Personal details
- Born: 11 December 1915 Kondajji
- Died: 14 November 1982 (aged 66) Bangalore

= Kondajji Basappa =

Indian politician

Kondajji Basappa (born 12 November 1915, Kondajji, Davanagere, Karnataka, India; died 14 November 1982, Bangalore, India) was an Indian politician who was the Member of Parliament in the Lok Sabha for Davanagere, Karnataka and a leader in the Karnataka Scouts and Guides movement.

==Biography==
Kondajji Basappa was a graduate in science from Bangalore University and did his LL.B from Pune University. He took an active role in promotion of Scout and Guide Movement in Karnataka. Basappa entered into politics in the year 1962 by becoming MLA from Davangere and elected twice as a Member of Parliament in 1971 and 1977.
He served as the Union Deputy Minister for Health and Family Planning

Basappa worked as Assistant District Commissioner, District Commissioner of Chitradurga, Assistant State Commissioner of Chitradurga Division and State Secretary before he became State Chief Commissioner.

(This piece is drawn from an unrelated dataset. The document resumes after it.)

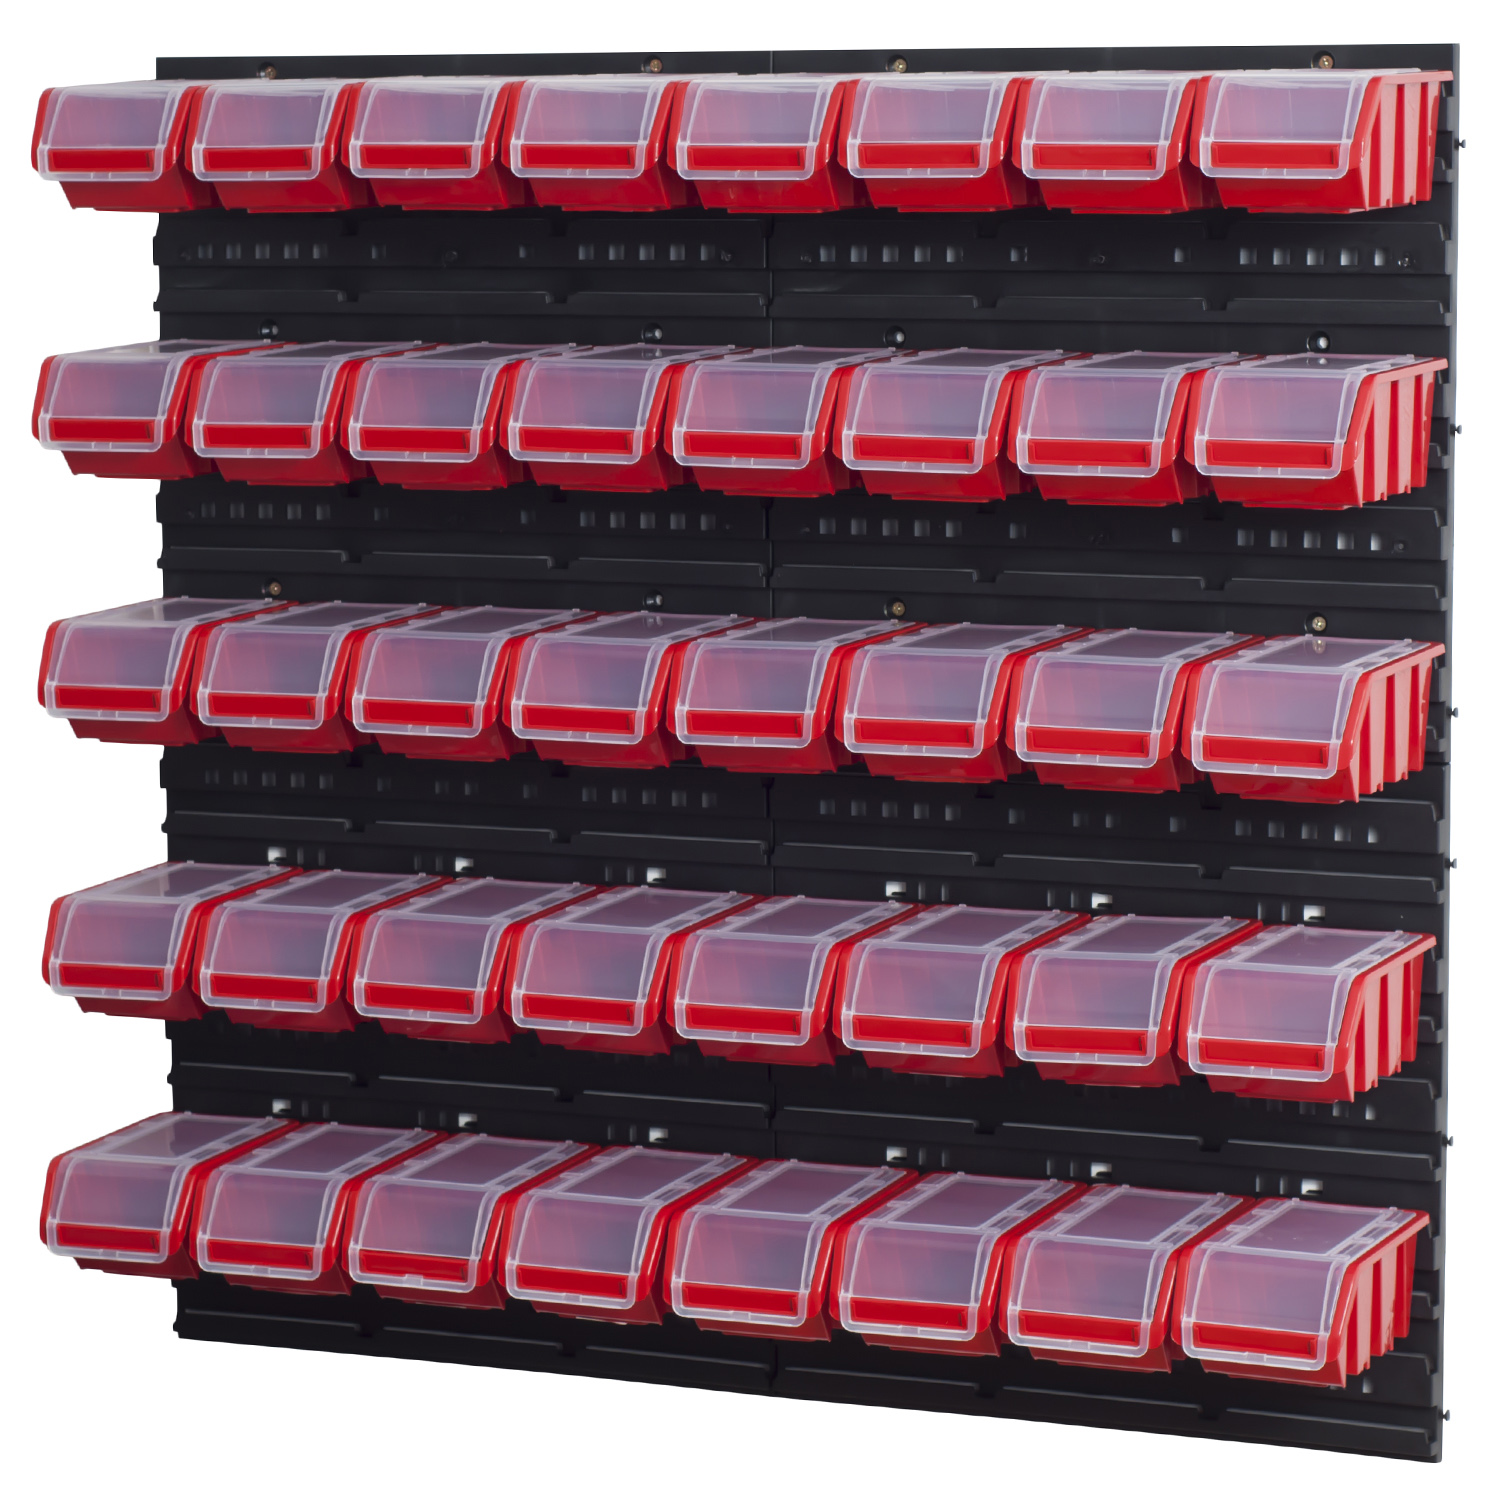 18 mittlere Stapelboxen/Inklusive Befestigungsmaterial/Herausnehmbar & Stapelbar AREBOS Stapelboxen Wandregal 32tlg Lagersystem/Rot-Schwarz 12 große Stapelboxen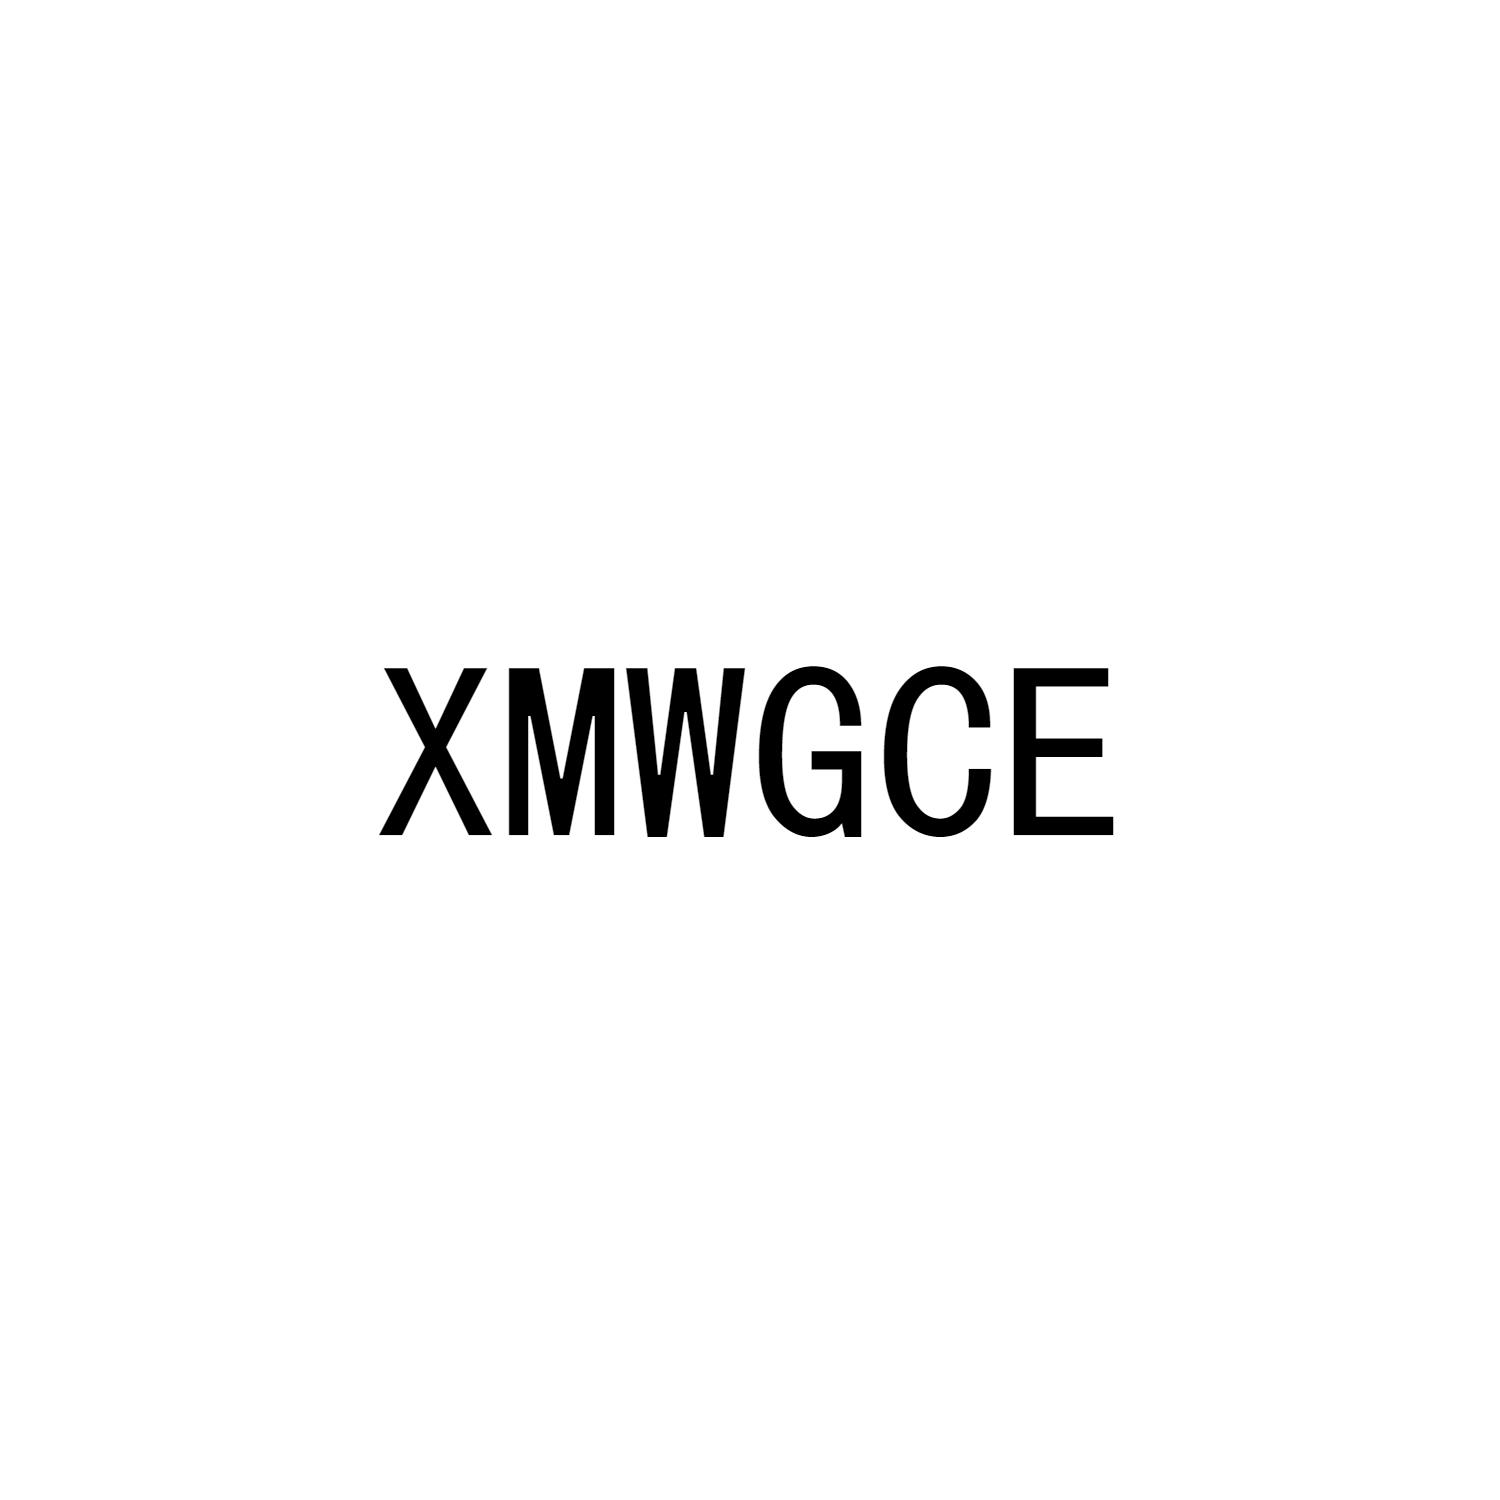 XMWGCE

He held this post for the longest period from 1964 till he died in November 1982.

==Career highlights==
 1942 : Assistant District Commissioner (Scouts) Davanagere
 1946 : President, District Board, Chitradurga
 1948 : Received Gold Medal for Public Service from the Maharaja of Mysore
 1950-1960: Member, Syndicate of the University of Mysore, District Commissioner (Scouts), Chitradurga
 1951 : Indian Representative, 7th World Scout Jamborre at Bad Ischl and World Scout Conference in Austria.
 1955 : Assistant State Commissioner (Scouts), Chitradurga Division
 1962 : Elected to the Mysore Legislative Assemble from Davanagere; Deputy Minister for Co-operation, Information and Excise, Mysore
 1962 : Headquarters Commissioner for Public relations, Bharat Scouts and Guides
 1962-1967: Chairman, State Handloom Advisory Board, State Warehousing corporation
 1963 : State Secretary, Bharat Scouts and Guides
 1964-1982: State Chief Commissioner, 1982 Bharat Scouts and Guides, Karnataka
 1967 : Re-elected to the Mysore Legislative Assembly from Davanagere
 1968 : Awarded the Silver Elephant of the Bharat Scouts and Guides in recognition for his distinguished services to the movement
 1968-1971: Member, Board of Regents University of Agricultural Sciences, Bangalore
 1969 : Secretary, Mysore Pradesh Congress Committee
 1971 : Elected as Member of Parliament (Lok Sabha) from Chitradurga
 1971 : Establishment & Development of Scout and Guide Campus at Kondajji Village
 1972-1974: Union Deputy Minister for Health and Family Planning
 1973 : Indian Delegate to the World Scout Conference at Nairobi
 1974 : Leader of the Indian Team in the International Conference on Family Planning at Manila, Visited Thailand and Hong Kong
 1976 : Donated Rs 1 lakh for the cause of scout and guide movement in Karnataka
 1976 : Founder President of "Jaladarshini jananapeeta" a residential multipurpose Educational Institution, Kondajji Village.
 1977 : Re-elected to the Parliament from Davanagere Davangere (Lok Sabha constituency)
 1982 : Rajyotsava award for the meritorious services rendered to Scouts and Guides movement
 1982 : Died in Bangalore on 14 November.